Tursun Gul

En el magnífico blog Sé y haz he aprendido muchas cosas. Entre otras, que jamás debemos subestimar nuestra capacidad para cambiar el mundo.  Seres humanos como Rosa Parks, Martin Luther King o el hombre del tanque, entre otros, nos lo demostraron con su ejemplo vital. A esa galería de personalidades históricas tenemos que incorporar a una gran mujer, anónima hasta la semana pasada: Tursun Gul.

Así narró los hechos el diario El Mundo:

“¡Soltad a nuestros maridos! ¡Liberad a nuestros hijos!”. Tursun Gul avanza haciendo equilibrio con la muleta. La mano izquierda, en alto y con el puño cerrado, puntúa cada una de sus súplicas. En solitario, la mujer vestida de negro planta cara a una fila de soldados y tanquetas antidisturbios. Pide que le devuelvan a su marido y cuatro hermanos, arrestados poco después del festín de sangre y destrucción que se dieron un buen grupo de uigures en las calles de Urumqi.
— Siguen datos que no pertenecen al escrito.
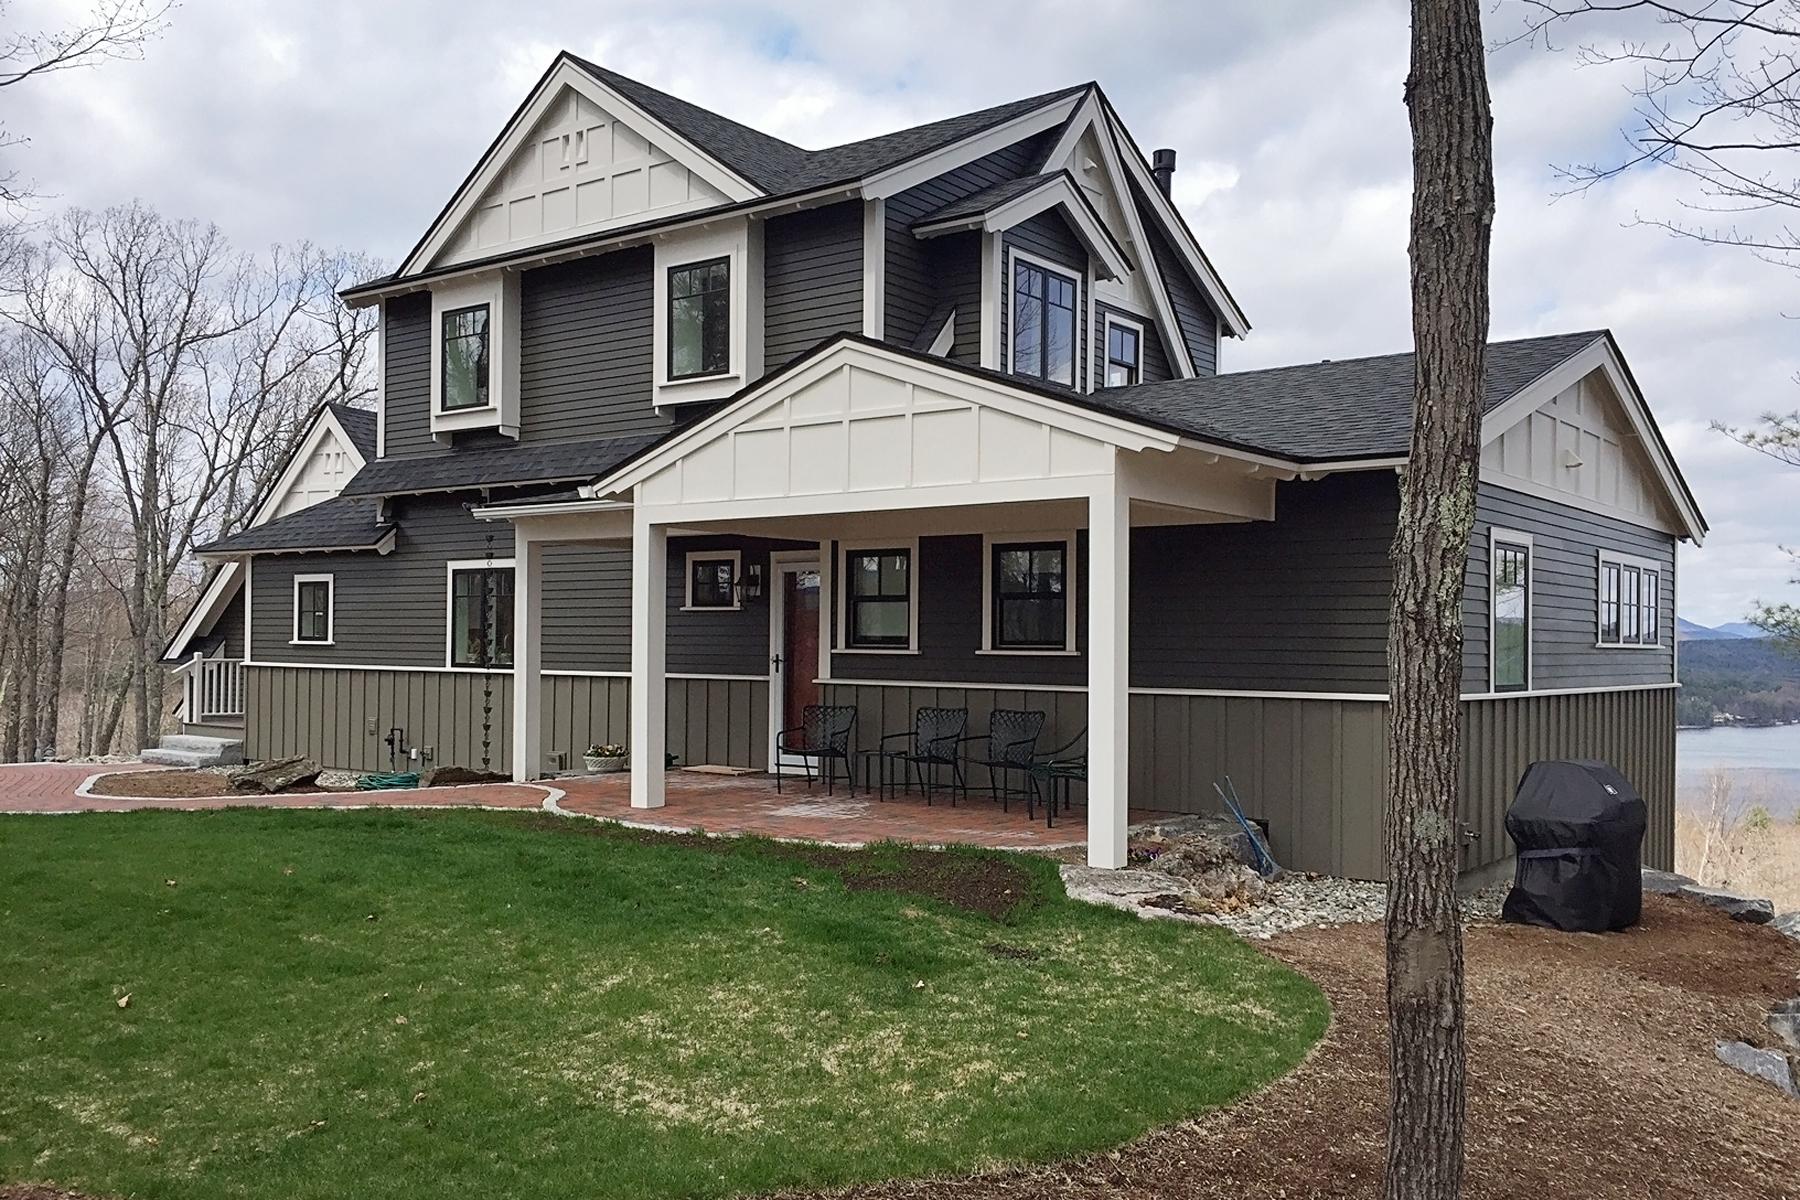 Casa para uma família para Venda às 12 Peaked Hill Rd, Ashland Ashland, New Hampshire, 03217 Estados Unidos

A los soldados, que se cuidan mucho de reprimir la protesta, no les queda sino retroceder ante el sollozo de una esposa y hermana que no entiende por qué se han llevado a los suyos. “Pasé miedo, porque estaban armados. Pero algo en mi interior me empujó adelante”, recuerda Tursun. El suyo fue un gesto valiente y arriesgado, un desafío a la autoridad abocado a otro final de no ser por la presencia de decenas de periodistas.